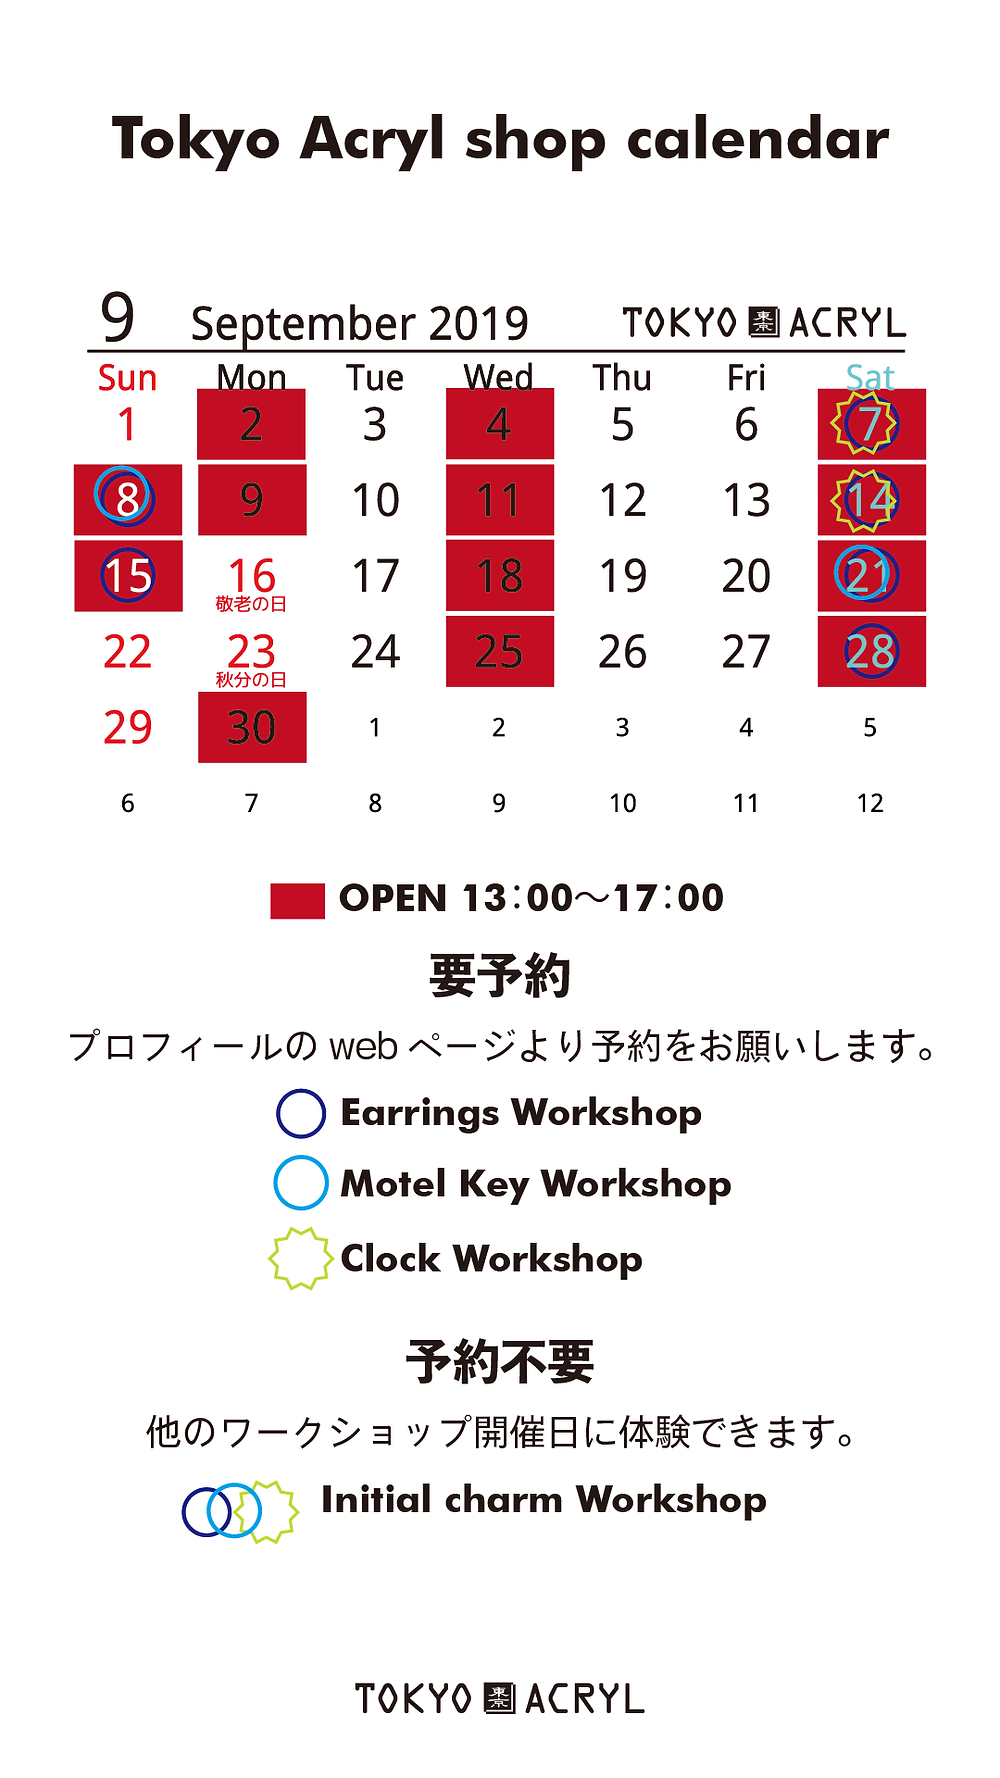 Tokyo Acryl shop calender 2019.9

● ● ● ● ●

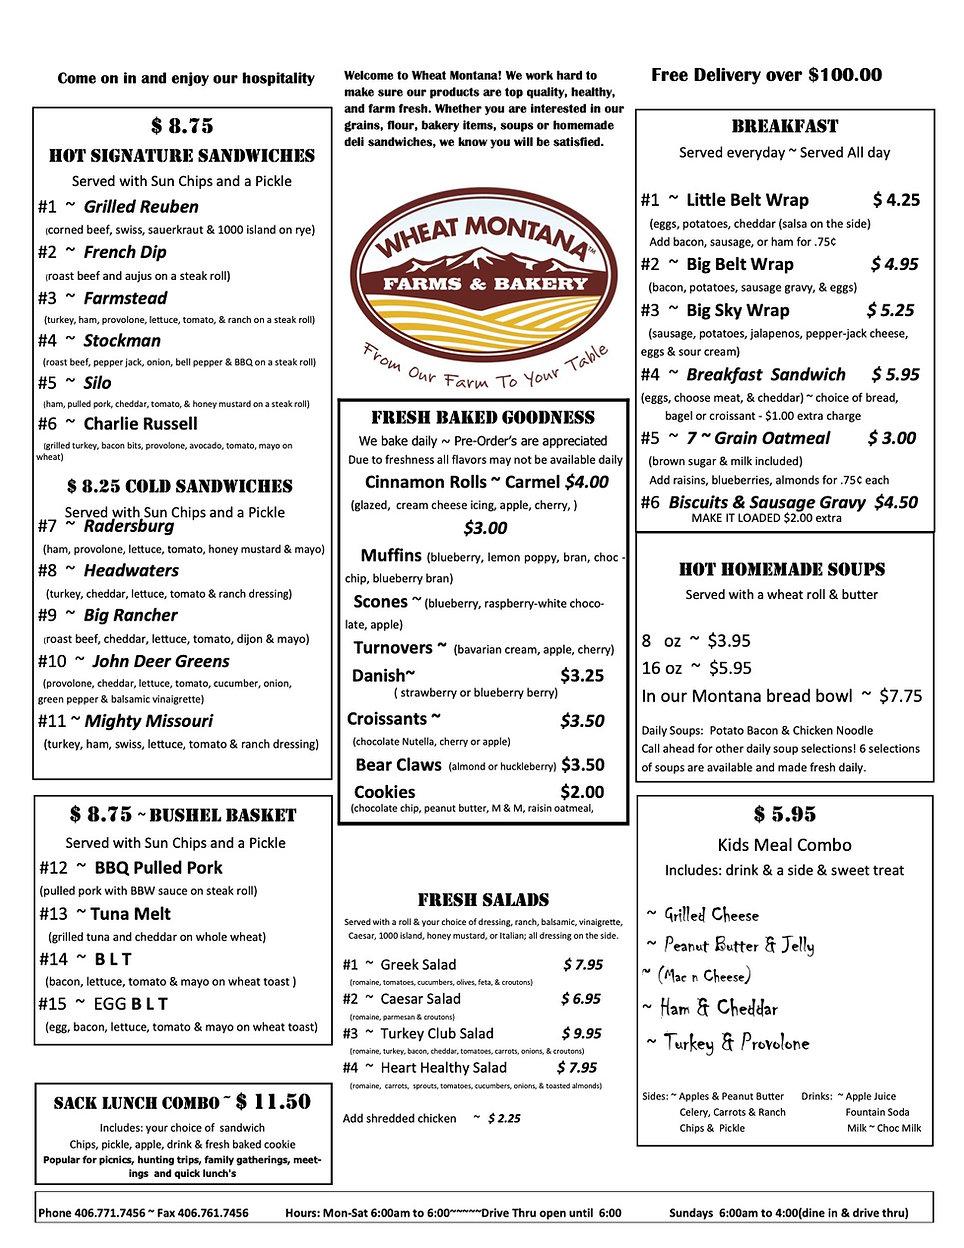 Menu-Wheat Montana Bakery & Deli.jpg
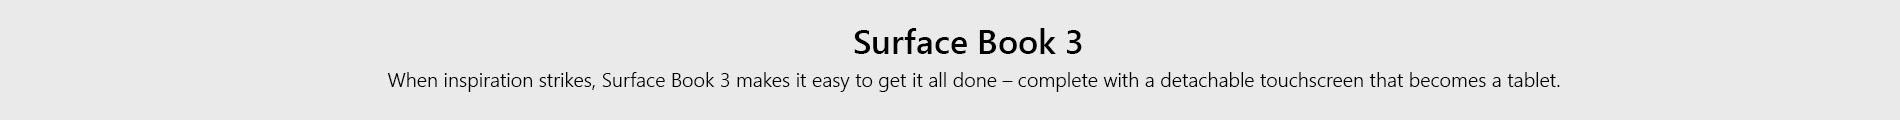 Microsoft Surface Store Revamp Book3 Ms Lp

● ● ● ● ●

Print, exactly and with no pictures, the lines of the listing above starting at the one that has "Menu-Wheat Montana Bakery & Deli.jpg" and ending at the one that has "Microsoft Surface Store Revamp Book3 Ms Lp", both included.

Output of the exercise:
 Menu-Wheat Montana Bakery & Deli.jpg
 Microsoft Surface Store Revamp Book3 Ms Lp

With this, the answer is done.